2023 also marked a milestone for Paradise, California
Many survivors of wildfires today are quickly encountering a sobering reality: Even if they have insurance, it's usually not enough to cover the costs of rebuilding, particularly in this era of high inflation.
In some parts of the West, particularly California, fire survivors are also struggling to even get insurance for homes they plan to rebuild.
In a forest just outside Paradise, California, Bernadette Grant and Richard Fox have only recently come up with a long term plan to rebuild on property she owns that the family used to use as a camping area.
"As you can see we're slowly but surely clearing out the space," Grant says.
Grant, who grew up in Paradise, lost her home in the 2018 Camp Fire, as did her mother who is in her 80s and recently moved back into a newly built home on her property in town.
During a break from thinning trees on the property, her partner Richard Fox says they're not even sure if the property can be insured. He points to a cluster of trees 100 yards or so to his left which he says would catch fire almost immediately with lightning or some other ignition.
"We're not even close yet to that stage of bringing someone in and trying to get insurance on it," Fox says.
Before Lahaina, the Camp Fire had been the deadliest wildfire in the U.S. in a century - it claimed 85 lives. For survivors like Fox and Grant, the crisis in Maui stirred up bad memories. It's still fresh they say, as they continue work cutting trees that they'll use for lumber to build a modest cabin. Right now, they're living in an RV on the property.
"In the meantime we just keep clearing the property," Grant says as Fox chimes in: "Trying to make it safe, that's all we can do."
This Fall, Paradise leaders and other Camp Fire survivors have been meeting with their counterparts in Lahaina, guiding them on how to recover from the unthinkable.
This year marked some positive milestones for Paradise, however, where state of the art power lines were buried underground, the downtown was refurbished with sidewalks and new bike paths that also serve as egress escape routes.
"There's a tremendous amount of optimism and sense of community," says Mitchell Snyder, a disaster recovery expert at the University of California-Davis. "They're rebuilding something and they know that they're an underdog in all this and they're excited about that."
Today, about a third of Paradise has been rebuilt. Snyder says that's remarkable when you consider that almost 19,000 homes and businesses burned in and around Paradise in 2018 - including 90% of the town itself.
"In the future, as we look towards the one year anniversary of Lahaina, just remember that there are people behind the numbers that we see on the headlines," Snyder says. "For so many people this was the worst day of their life."
Is 2023 finally a turning point in U.S. Firefighting Policy?
One silver lining of this tragic and bizarre fire year, according to experts, is that the wildfire threat might be a lot more real to decision makers in Washington, D.C.

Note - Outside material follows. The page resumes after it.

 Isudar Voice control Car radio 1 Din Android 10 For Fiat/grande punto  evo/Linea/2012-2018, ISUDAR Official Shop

Toxic smoke turned the skies an apocalyptic orange up and down the east coast, obscuring the Manhattan skyline for weeks, giving a glimpse of what many summers in the West are already like. Pressure is building to prioritize prevention, instead of waiting to fight these modern megafires later.

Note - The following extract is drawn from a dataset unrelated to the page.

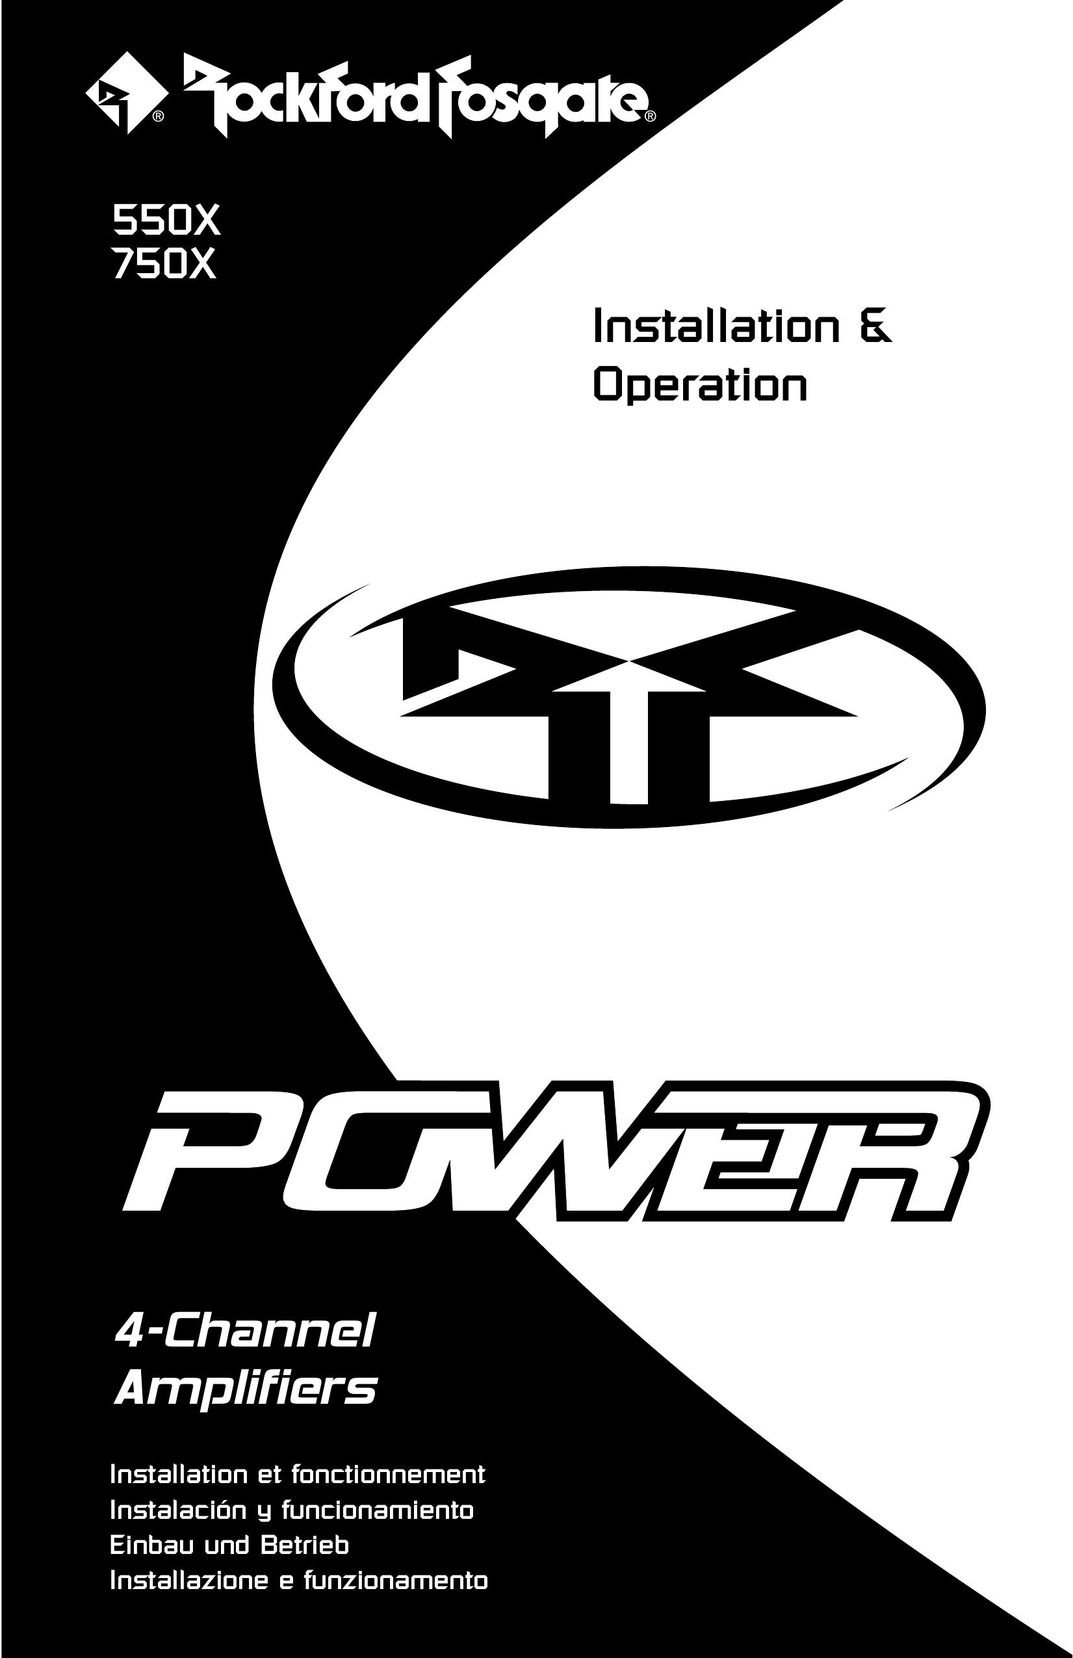 Rockford Fosgate 750X Car Amplifier User Manual

In Hawaii, a shell-shocked Curt Hanthorn was waiting in line to get his mail at the Post Office in Lahaina a couple weeks after the fire in August. He said he was frustrated by all the finger pointing after the crisis.
"Pointing blame, it's the electric company's fault, it's the county's fault, it's Joe Biden's fault, it's everybody's fault," Hanthorn said. "The fact of the matter is I saw it from the beginning it moved so fast...like a blow torch."
No one is stopping fires like these, he said.